For quality control, the following were flagged for possible inattention:

  • The fastest 2% of respondents in total completion time per survey path (parent, teacher, parent and teacher, or neither). Forty-eight were flagged.
  • Those who skipped more than one-quarter of all survey items. Twenty-seven were flagged.
  • Those who entered the same response items in four or more of six grid questions (Q8_parent, Q8_teacher, Q15, Q26, Q33, and Q36). One hundred twenty-five were flagged.

Respondents received 1 point for each of these measures. No points were assigned to 2,256 respondents, 1 point to 146, 2 points to 15, and 3 points to eight. Those flagged on two or three measures were removed from the dataset (23 cases).

In addition, respondents who completed the survey in less than one-quarter of the median time (eight cases) and the fastest 2% in completing the lengthiest questions (Q13, Q24, Q31, and Q33) (five cases) were removed. In total, 36 respondents were removed in the quality-control process.

The sample composition after quality control was 1,913 general population adults, including 1,083 K-12 parents (698 White, 95 Black, 153 Latinx, 103 Asian-American, and 34 mixed-race parents), and 556 K-12 public school teachers. The total sample size of 2,389 includes oversamples of 891 K-12 parents, including 64 Asian parents, and 471 K-12 public school teachers.

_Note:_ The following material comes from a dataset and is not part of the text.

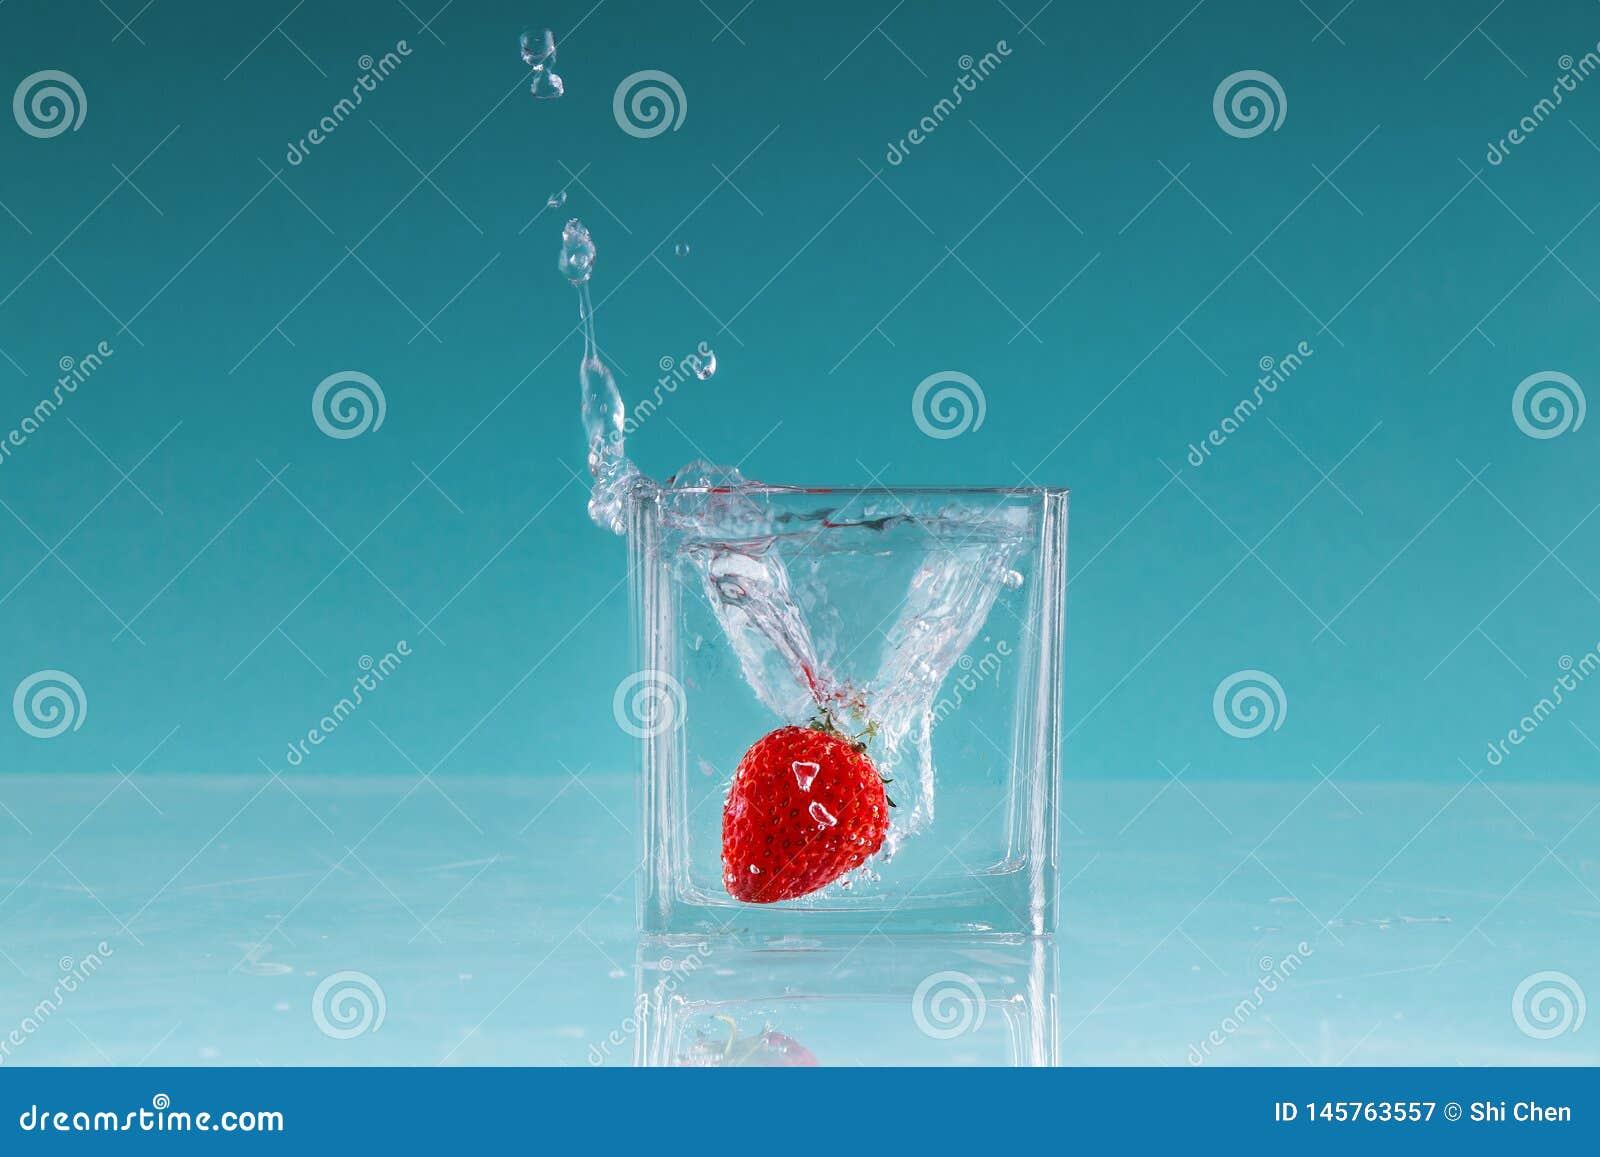 Photographie de grande vitesse de fruit de fraise

Data were weighted via iterative proportional fitting to the following benchmark distributions of general population adults from the U.S. Census Bureau’s March 2018 Current Population Survey Supplement and 2017 American Community Survey:

  • Gender (male, female) by age (18-29, 30-44, 45-59, 60+)
  • Race/ethnicity (White, Black, other, Latinx, 2+ races)
  • Census region (Northeast, Midwest, South, West) by metropolitan status (metro, non-metro)
  • Education (less than high school, high school, some college, bachelor’s degree, or higher)
  • Household income ($0-$24,999, $25K-$49,999, $50K-$74,999, $75K-$99,999, $100K-$149,999, $150K+)
  • Asian-American parents with children 6-18, non-Asian-American parents with children 6-18, nonparent
  • Marital status (married, not married)
  • Language proficiency (English-proficient Hispanic, bilingual Hispanic, Spanish-proficient Hispanic, non-Hispanic)
  • Hispanic nativity (U.S.-born Hispanic, not U.S.-born Hispanic, non-Hispanic)

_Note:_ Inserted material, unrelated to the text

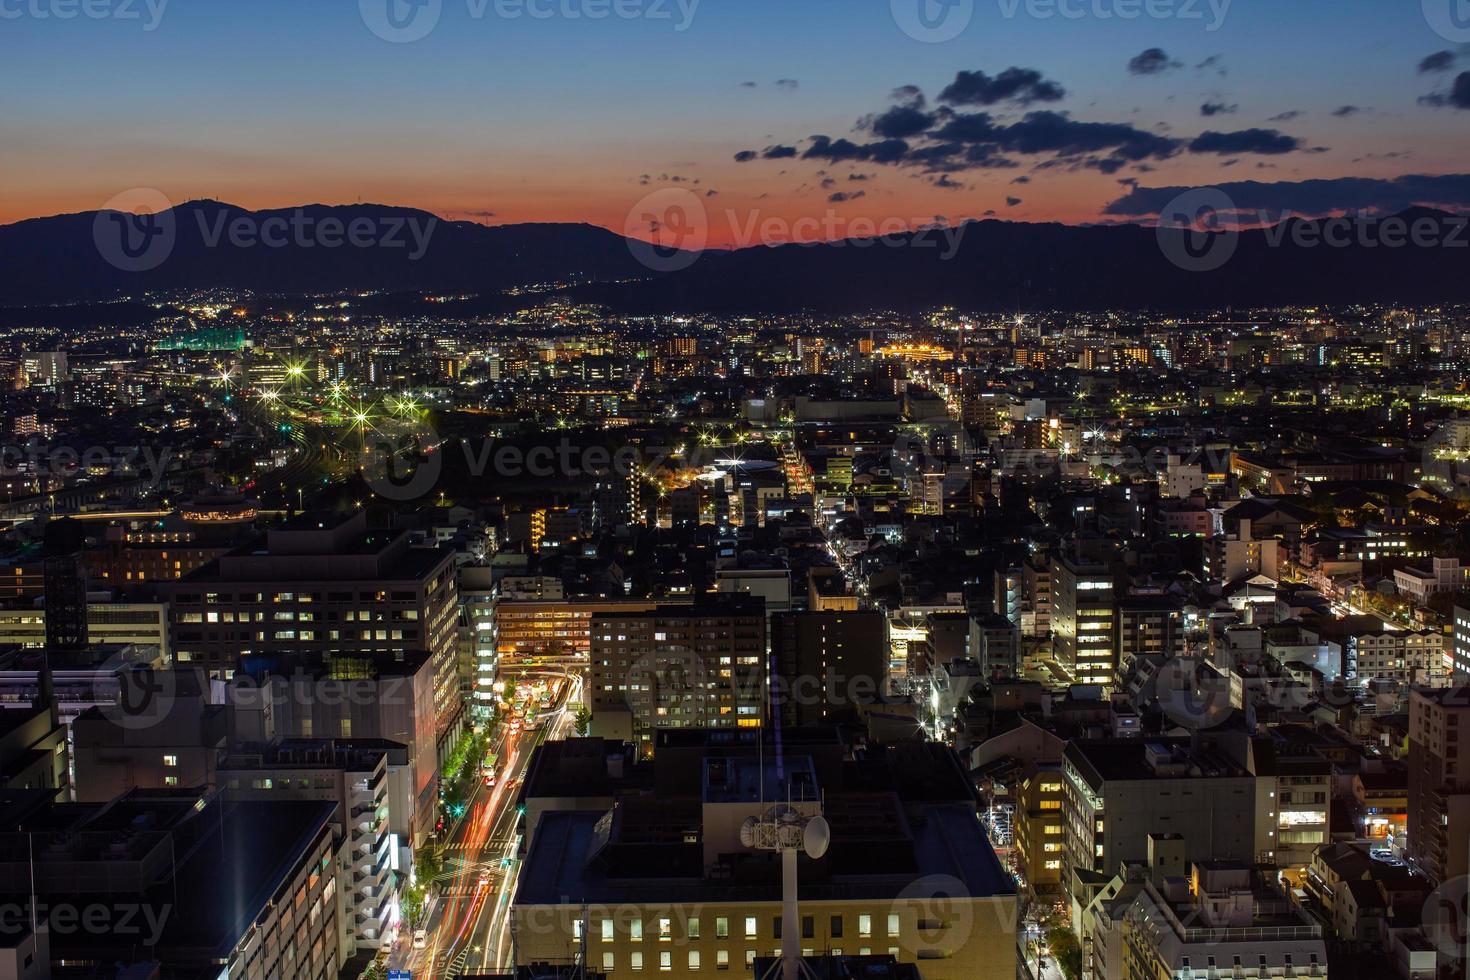 vue aérienne de la ville au coucher du soleil photo

Within the public school K-12 teacher sample, data were weighted to the same categories, with these differences: language proficiency and Asian parents were not used; other race and 2+ races were netted; education was netted as college degree/no degree, and gender and age were weighted separately, as were region and metro status. The teacher data also were weighted to the following distributions from the 2015-2016 National Teacher and Principal Survey:

  • School type (traditional public, charter)
  • Grade kind (primary, middle, high, combined)
  • Teacher tenure (fewer than 4 years of teaching, 4-9, 10-14, 15+)
  • School size (fewer than 100 students, 100-199, 200-499, 500-749, 750-999, 1,000+).

For K-12 public school teachers, weights were trimmed at 1.8% and 98.92% of their distribution (minimum 0.054, maximum 6.419). The survey has a design effect due to weighting of 2.20 for this population, for a margin of sampling error of plus or minus 6.2 percentage points.

For the general population, weights were trimmed at 2% and 98% of their distribution (minimum 0.152, maximum 3.529). Given oversampling, the survey has a design effect due to weighting of 1.87, for a margin of sampling error of plus or minus 3.1 percentage points for the full sample. Error margins are larger for subgroups.

The survey included four open-ended questions — Q1, Q5, Q48, and Q50. Responses were independently coded by two researchers using the same code book; codes were then reconciled.